# recipe for a backpacking trip...



## polarbear78 (Jan 26, 2011)

anyone have any ideas for fish when I go backpacking on Manitou Island next month? From what I understand no ground fires are allowed...only little back packing stoves....


----------



## doogie mac (Oct 24, 2010)

Sounds like youll be on the north manitou eh? Great place! Used to kayak out to the manitous and camp. Wish i could say i had fish,but peanut butter and crackers and rommin noodles were the staples...
Lots of shore lunch kits you can get-or whip up your own fry mix.
Im sure others will follow with suggestions as well. I miss the manitou islands!!!!


----------



## jimbo (Dec 29, 2007)

we've been camping\fishing there for about 12-15 yrs. (july\aug)
great smally lake. 18" keeper isn't that hard to do sometimes. we do use belly boats though to get us out.
fish fries with min. grease because grease is heavy. Bro-in-law makes some special secret batter that we take

sounds like the water will be COLD on your trip, but i bet that time of yr pays off. good luck


----------



## StiffNeckRob (Apr 19, 2007)

I've been going several times a year for over 5 years now.

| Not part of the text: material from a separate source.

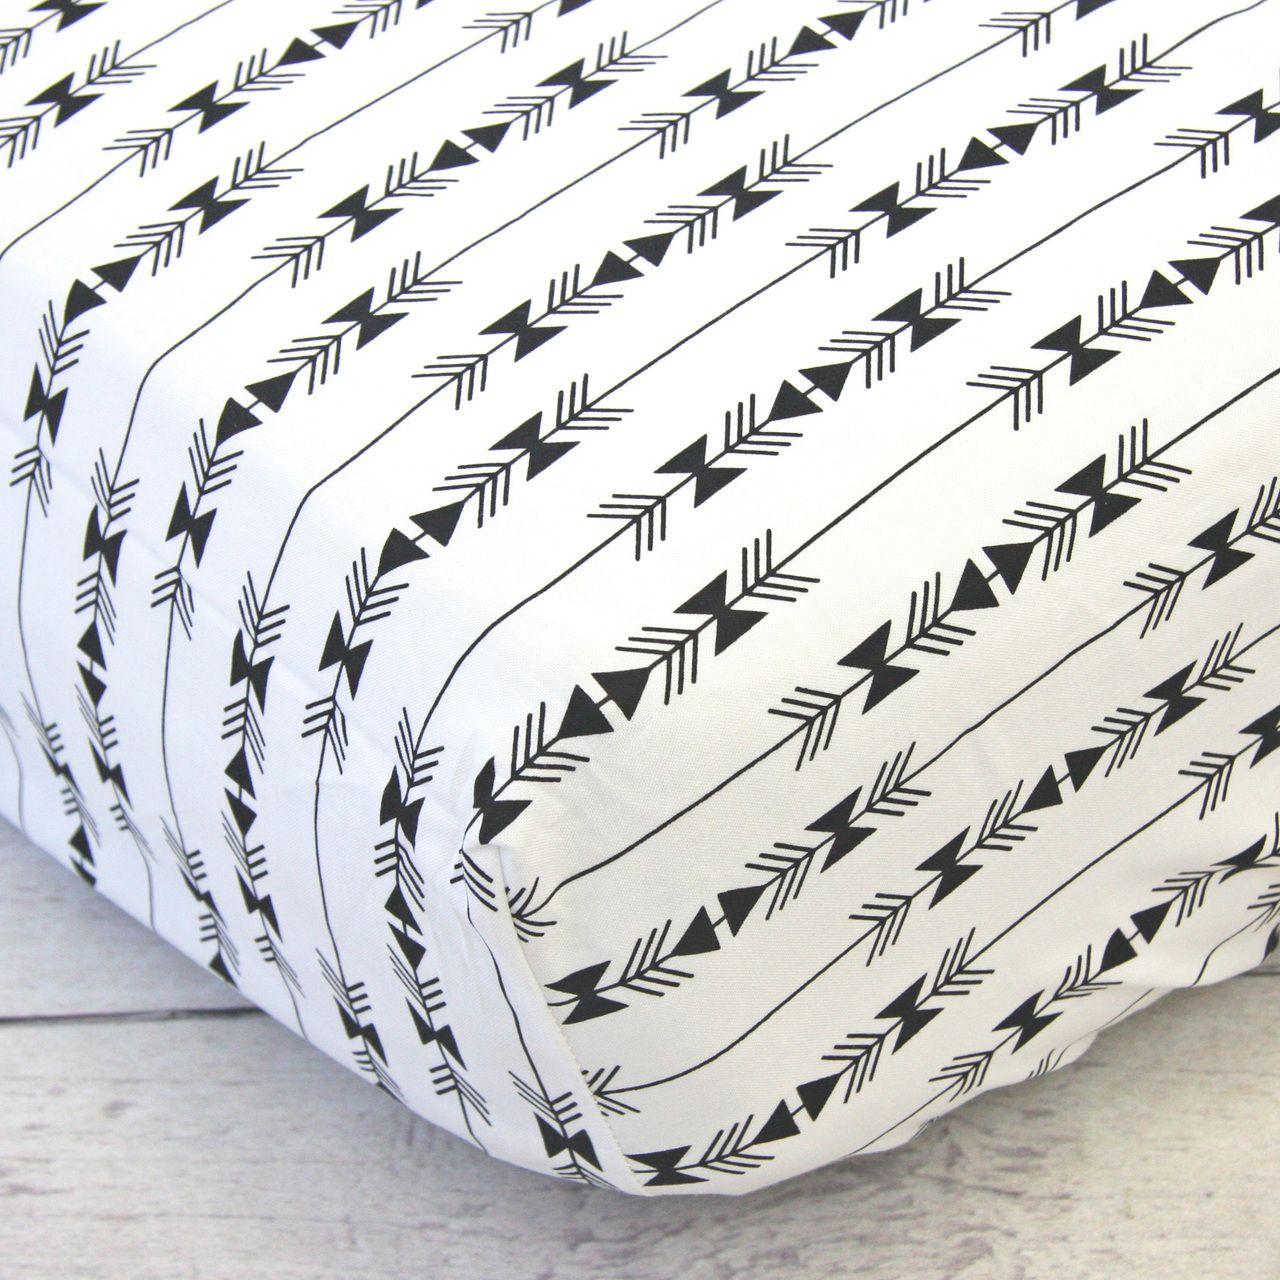 Crib Sheet Black White Arrow Aztec Crib Sheets Aztec Nursery Black And White Arrow Black and white pattern sheets
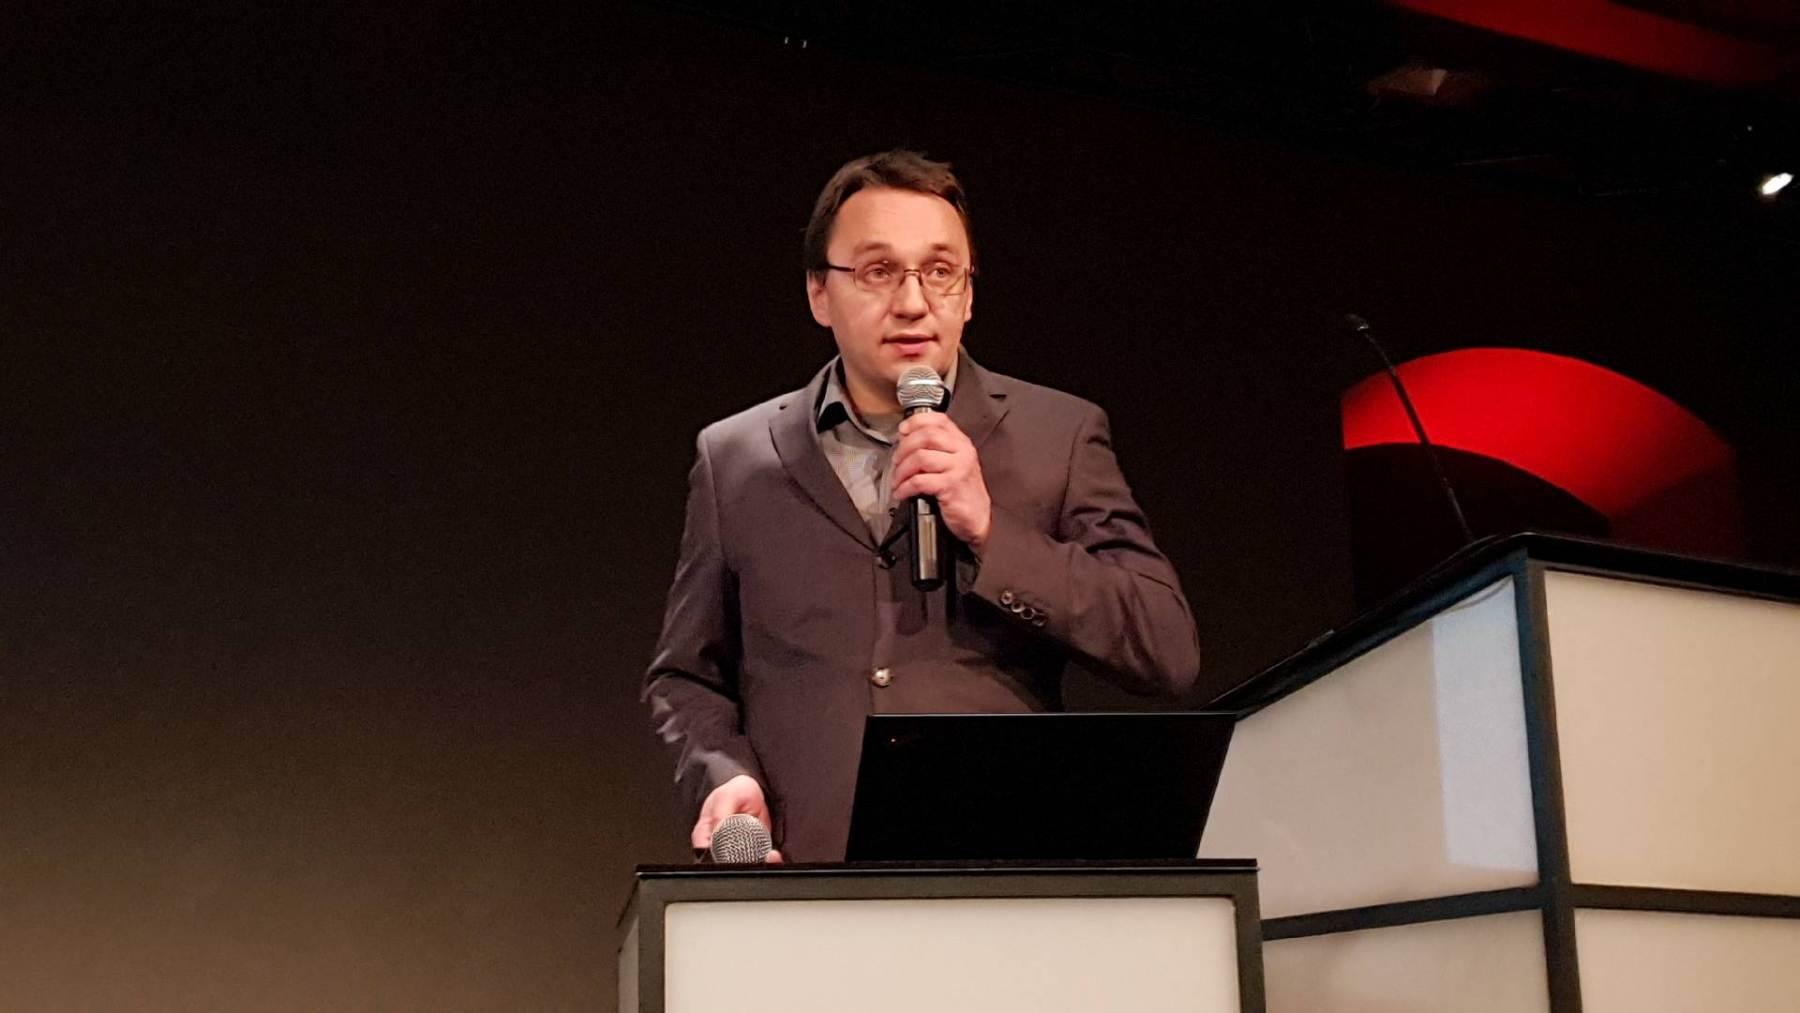 2018-12-07_Sprengseminar_Tirol_Nr_10

There 2 things....make that 3 to keep in mind.

- Keep camp 300' away from the water or YOU WILL be ticketed.
- Don't make a fire...if there even is a evidence of a fire at your site you could be ticketed.
- Please pack your trash out...and then a little more. The ever increasing amount of trash on the island is very discouraging.

Fish batters are easy....pick you mix and add water. Just remember to filter or boil your water. Please remember that an 18" small mouth really is more then enough for one guy...and they really aren't as good of eating as some of the other fish that we all go after.

Recipes depend on how long you're staying for. Noodles and tuna pouches can be a good lunch. The instant Idahoan mashed potatoes fit very well into one of the disposable tupperware containers and go well with fish. It all depends on how long you're going for and what your tastes are. I personally also like smoked salmon and pasta noodles, jerky and noodles and a few of the Mountain House meals.


----------



## polarbear78 (Jan 26, 2011)

Thanks for the help!


----------